_Prompt_: Apart from the pictures, everything in the lines below must be printed exactly.

_Provided data_:
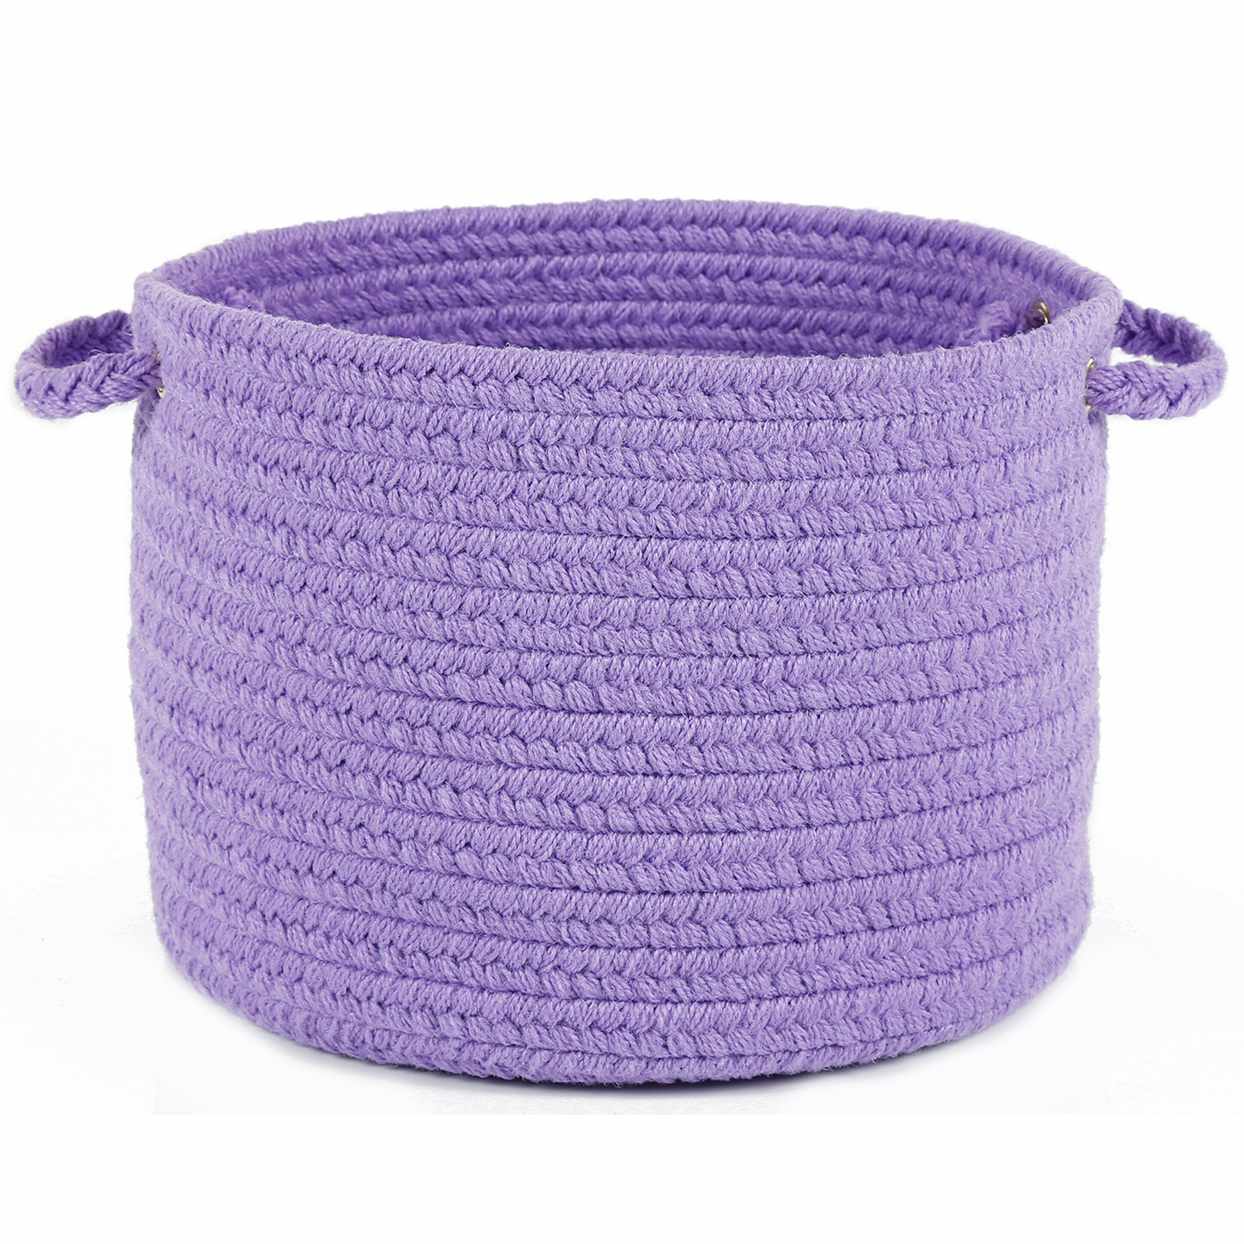 purple woven fabric basket with handles
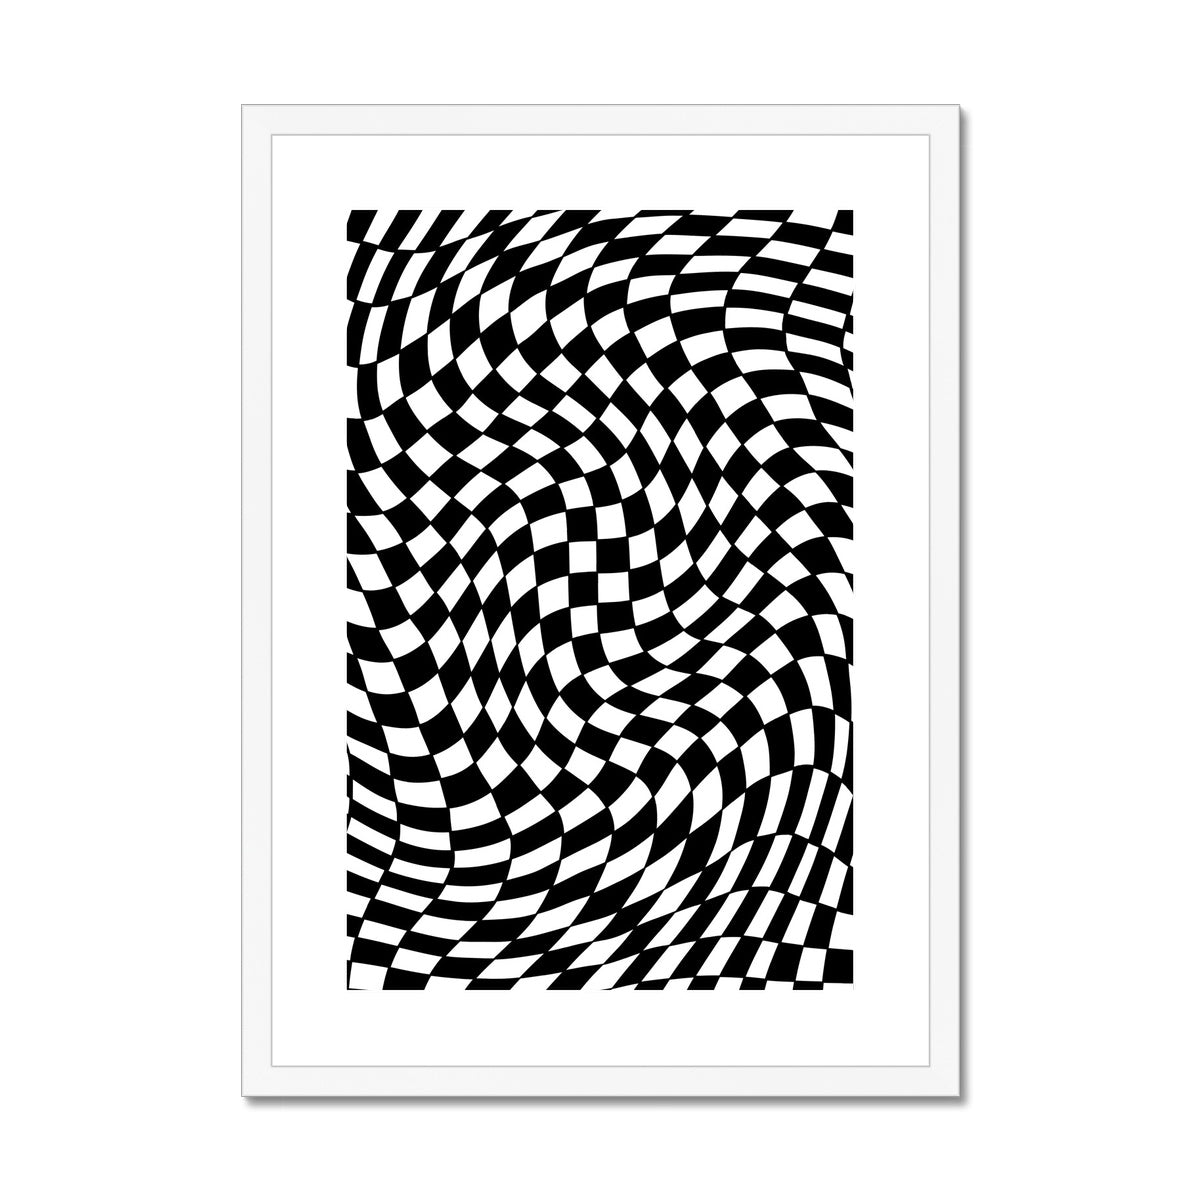 © les muses / Danish pastel art prints full of psychedelic wavy checkers.
Retro warped checker posters in dreamy pastels perfect for funky apartment or trendy dorm decor. 
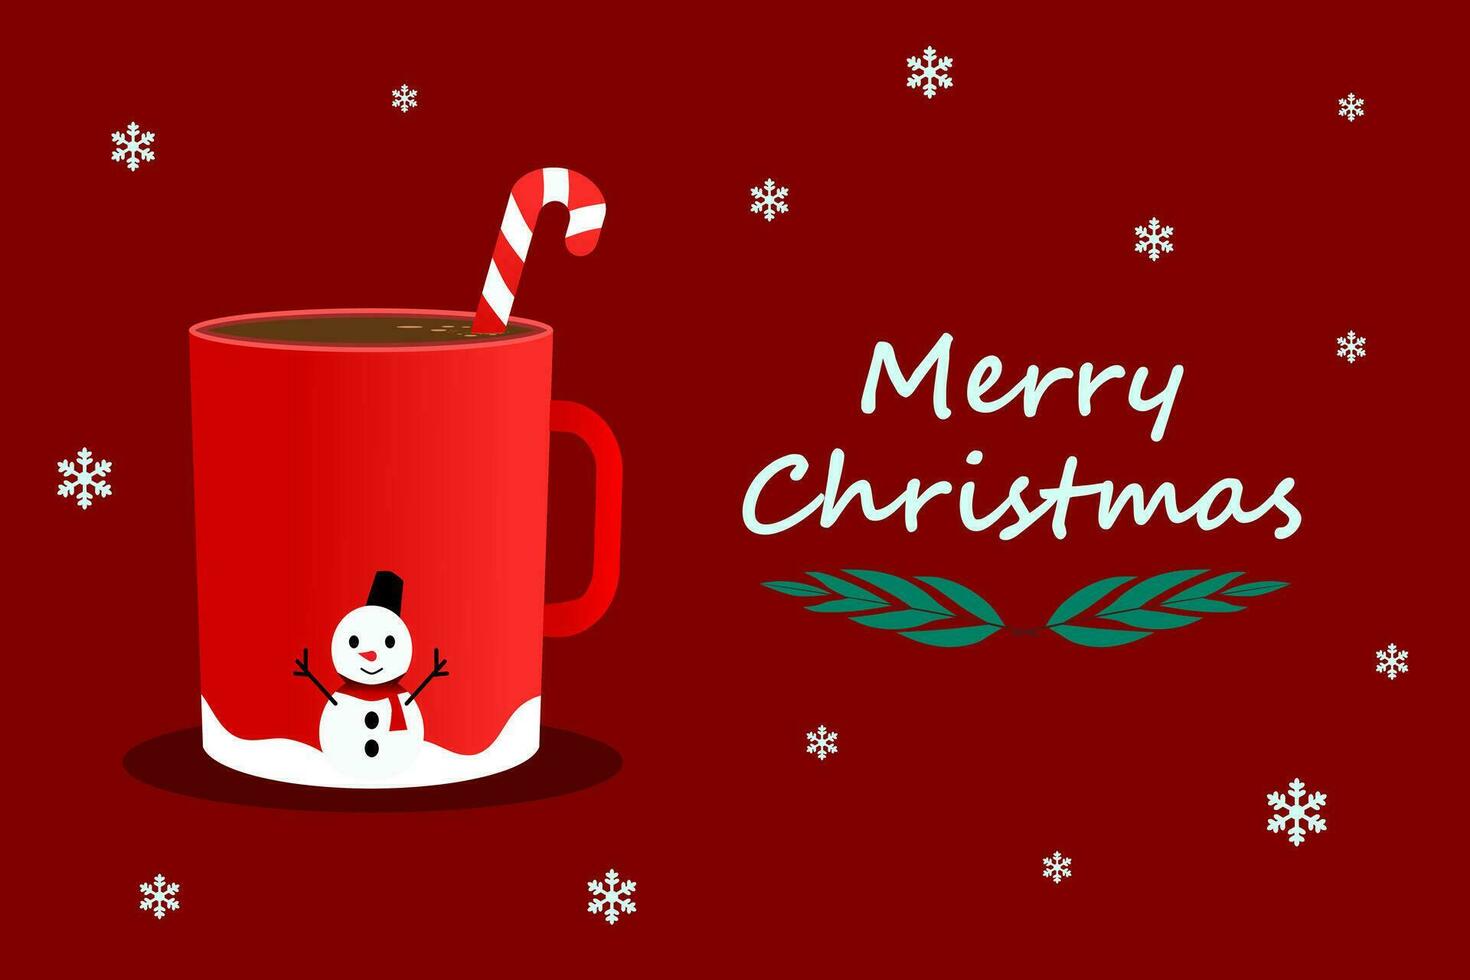 A cup of coffee with Christmas candy stick and snow on red background. Hot drink smell of Christmas. Vector illustration.

_Result for this exercise_:
 purple woven fabric basket with handles
 © les muses / Danish pastel art prints full of psychedelic wavy checkers.
Retro warped checker posters in dreamy pastels perfect for funky apartment or trendy dorm decor. 
 A cup of coffee with Christmas candy stick and snow on red background. Hot drink smell of Christmas. Vector illustration.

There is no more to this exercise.